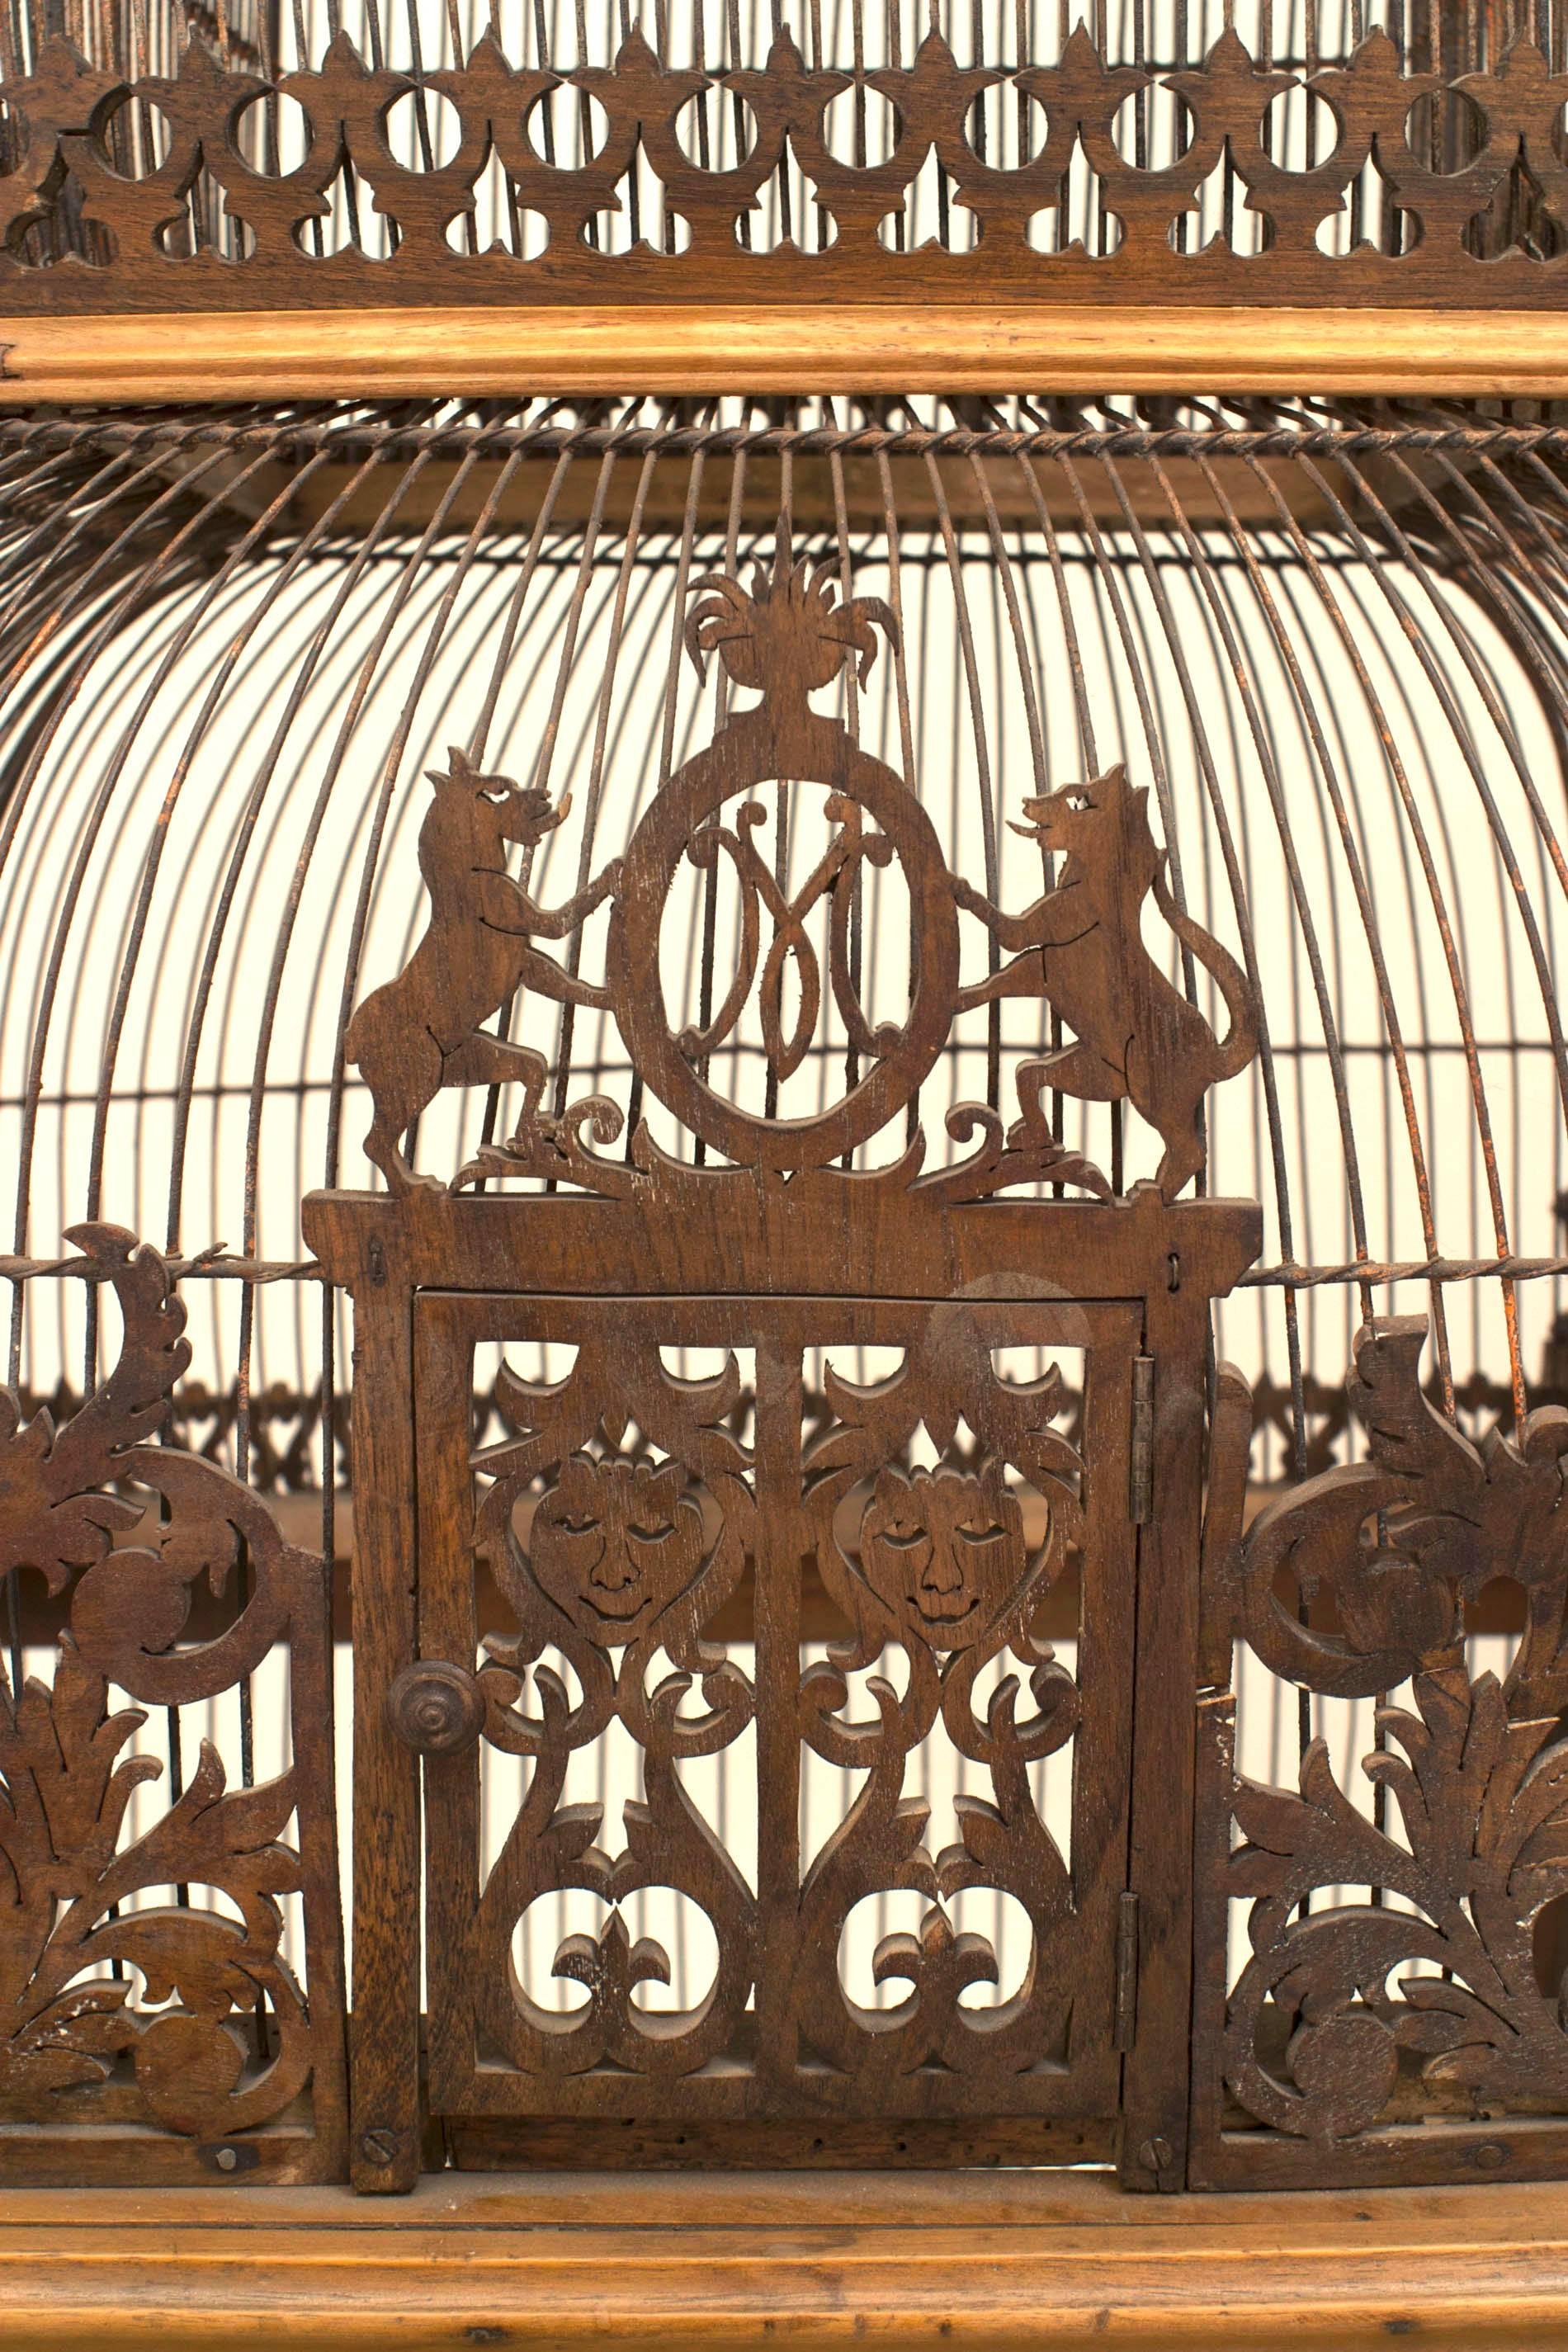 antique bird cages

§

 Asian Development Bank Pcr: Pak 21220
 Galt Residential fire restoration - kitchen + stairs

§

* [What this task involves]:
Look through the data above and return exactly the lines from the one that contains "Asian Development Bank Pcr: Pak 21220" to the one that contains "Galt Residential fire", inclusive, with nothing else.

* [Completed task]:
 Asian Development Bank Pcr: Pak 21220
 Galt Residential fire restoration - kitchen + stairs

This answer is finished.